India did have a happy "ending," but I don't think it's as much of an ending, as a happy beginning. The beginning of something new. The Lord began to tear off deep things embedded in my heart. Things I didn't even know were there. Things that I denied were there. Things that I fought like the devil as he began to reveal them through other people. However, as long as the hidden prevails in darkness, that's it. It prevails, because if what is darkness is not brought to light, how can it be dealt with?

Through the past few years the Lord has been peeling off layers of fear. If ogres are like onions, then I must be big and green, because I have lots of layers and they keep coming off. And they'll keep coming off until I'm fearless. Walking away from India, some layers have been left behind, and the beauty of who the Lord is in me is slowly being revealed. One step away from the darkness, one step into light. I'm not finished. He's not finished, but it's a step and if even one step is made, it's worth it. I'm not the same, nor do I think I could be.

This won't be my last time in India. I am declaring that. I will be back, in the Lord's time. However, until then, I'm going to keep growing, keep seeking him, and keep being, because in that He is glorified.

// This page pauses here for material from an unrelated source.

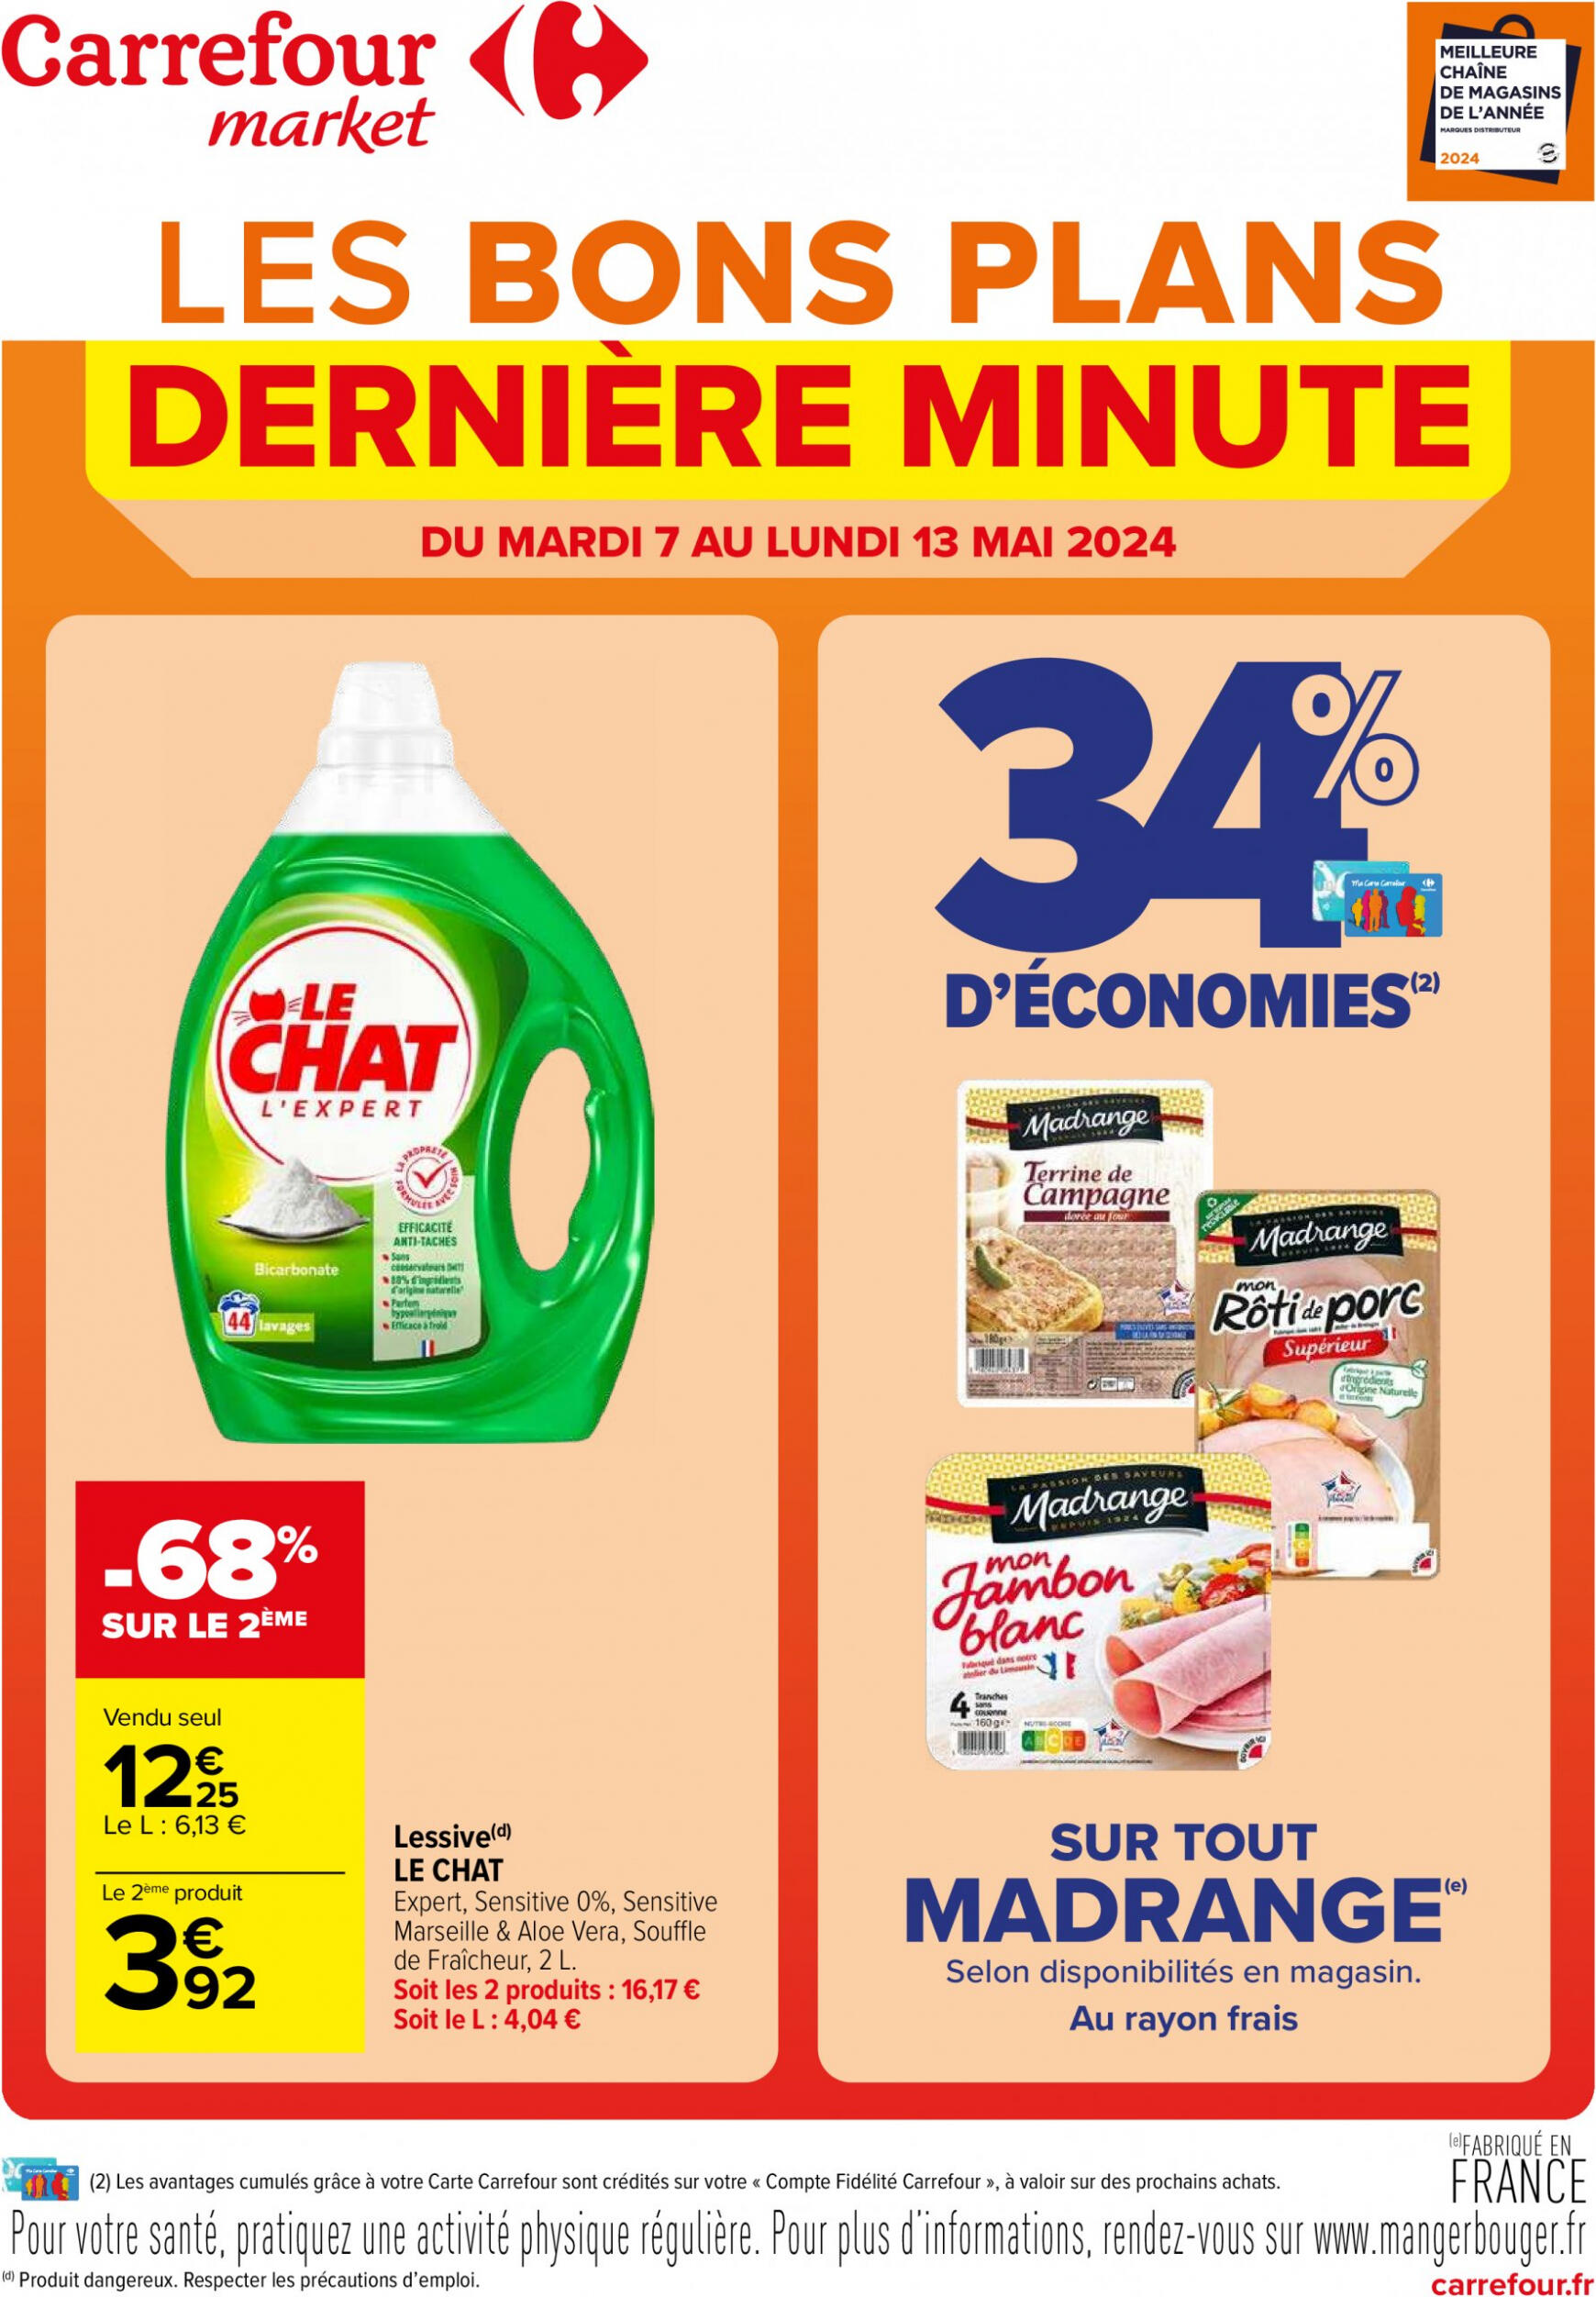 carrefour-market - Prospectus Carrefour Market - Les bons plans derniére minute actuel 07.05. - 13.05.

Dear Readers, thank you for being apart of this journey. This is only the beginning of something great. I don't know where I'm going from here on out. All I know is that I am in Michigan and when I get back I have a place to stay for a month. For the first time in my month I don't have a plan, but I feel like that's ok. I'm at Peace. The doors will be open. The time has come for me to be. To trust. To wait. The Lord will come through. Pray for me!